Illustration by Melanie Snead
Cynthia Newbille grew up in Whitcomb Court, part of the East End community where she has served as 7th District representative on Richmond City Council since 2009. Newbille, who has dedicated her career to solving challenges in areas such as education and public health, is one of nine recipients of this year's YWCA of Richmond Outstanding Women Awards, to be presented on April 27. On a drizzly Saturday, Newbille points at construction near North 25th Street and Nine Mile Road, a site that will be transformed into the Church Hill North retail center by year’s end. Soon, a grocery store, culinary school and health center will be within reach of residents in an area currently defined as a food desert. It’s a sign of progress, Newbille says.
The city’s most urgent priority is education, as well as public safety and public health — and they’re intimately intertwined.
The biggest challenge I face on City Council is while we’re a phenomenal city … one out of four persons who reside in our community is in poverty. That’s a challenging backdrop, but therein also lies the opportunity to work together to figure out how to ensure we have the revenue to address this myriad of challenges, and how do we prioritize.
I live in the East End. I could walk here, to Front Porch [Café]; I live right off Nine Mile Road on 27th [Street].
Something people should know about me is I’m a vegetarian.
I never get tired of listening to and trying to resolve citizen and community concerns and challenges.
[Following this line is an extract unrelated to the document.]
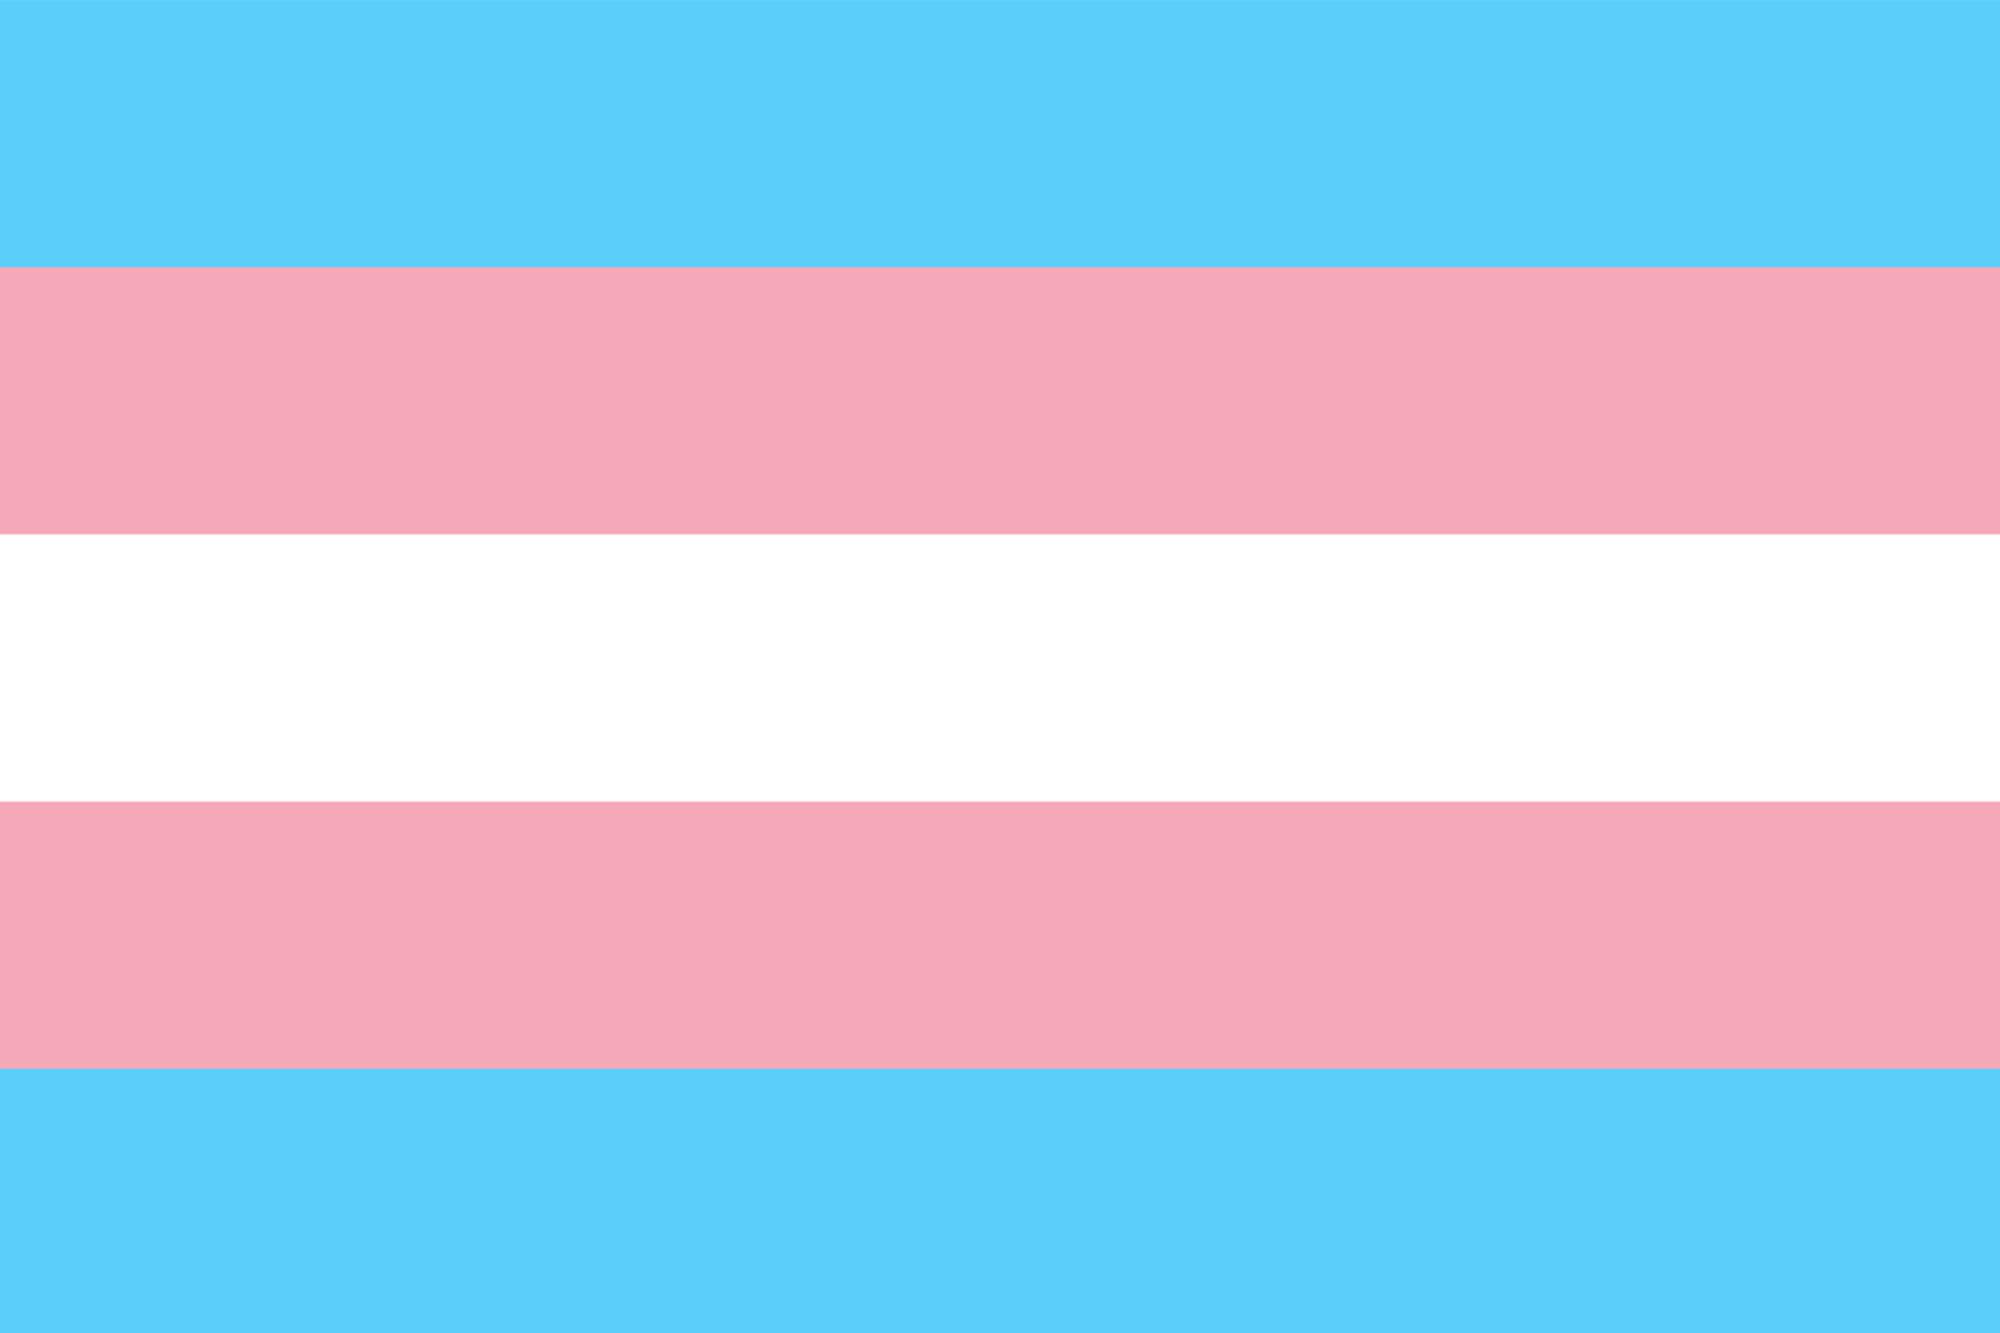 Transgender Pride Flag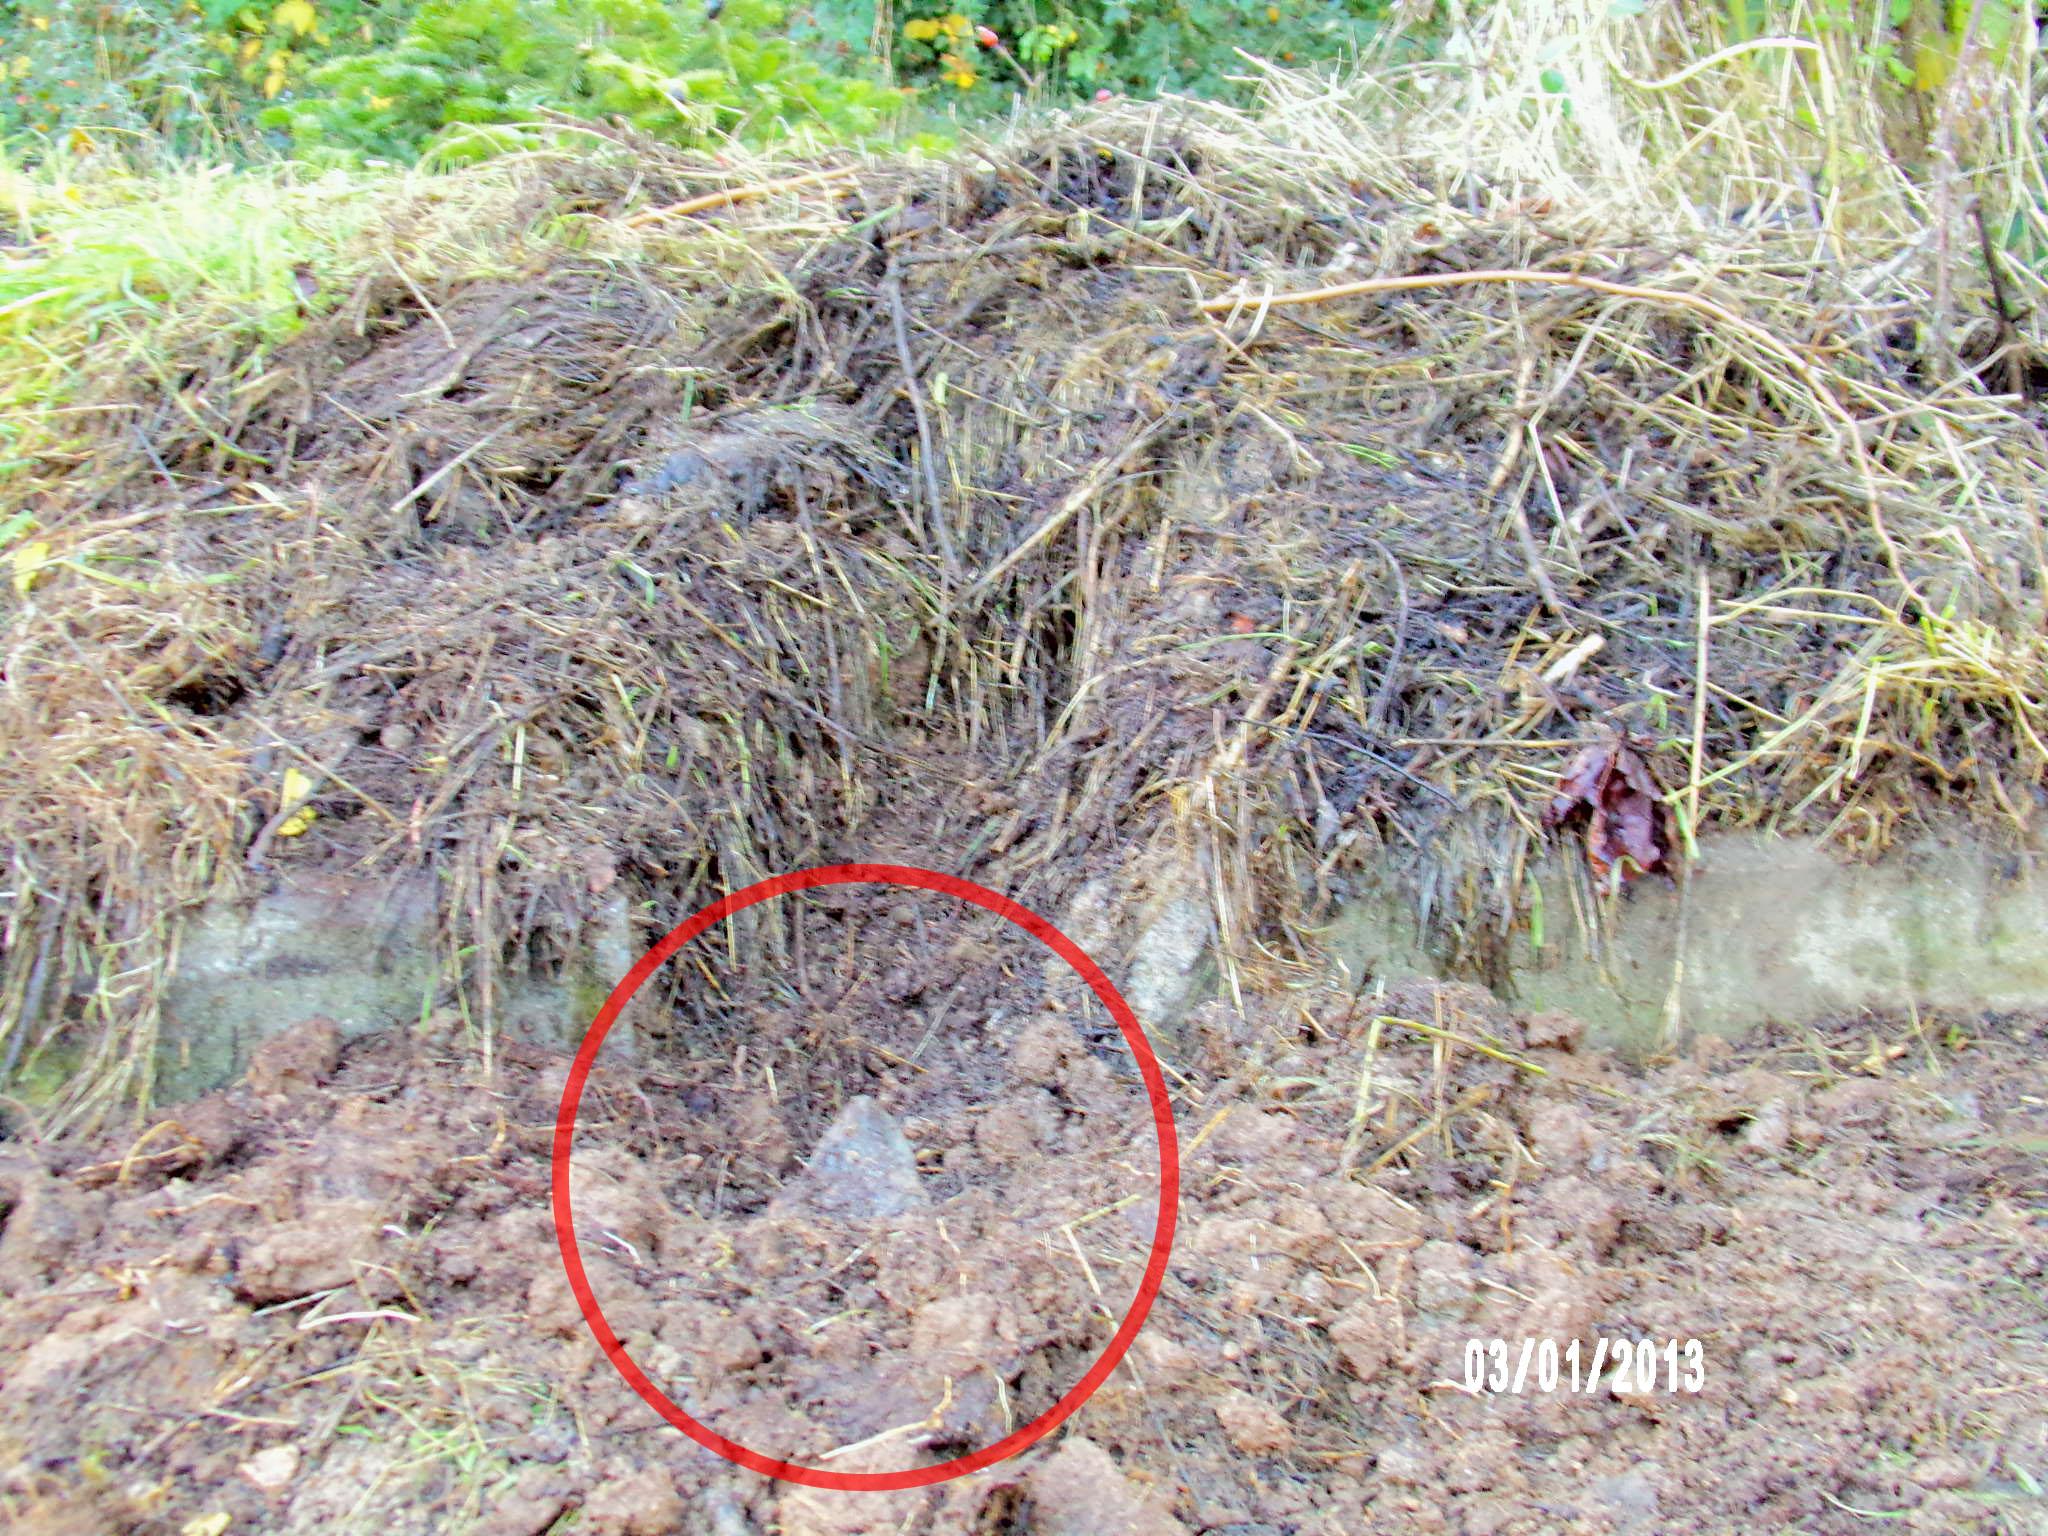 météorite dans son cratère

The book I’m reading now is “Just a Sister Away: A Womanist Vision of Women’s Relationships in the Bible” by Renita J. Weems.
I ran for public office because it’s truly an opportunity to serve a community and city that I grew up in, attended school in, worked in … I went off to college and had the opportunity to work in different places, but coming back home in ’96, and coming back to work in the district — the opportunity presented itself when [former council member Delores] McQuinn went on to serve in the General Assembly.
I find inspiration in so many people whose shoulders I stand on from the past and the present who were tirelessly, fearlessly, with so few resources, making sacrifices to accomplish so much. … There’s so many of them: sheros, heroes, I could go through a list of them, but we’d be here until tomorrow.
One of my proudest moments is being one of the six founders of the SisterFund giving circle. It’s the Community Foundation’s third giving circle, where we decided to pool our resources so we could have greater impact, in terms of supporting nonprofit organizations that really work to empower and elevate African-American girls and women throughout the city. We were established in 2015 and made two annual grants — $20,000 each year — and we’re gearing up for our third grant process this year.
When all else fails, I pray, I plan, I proceed.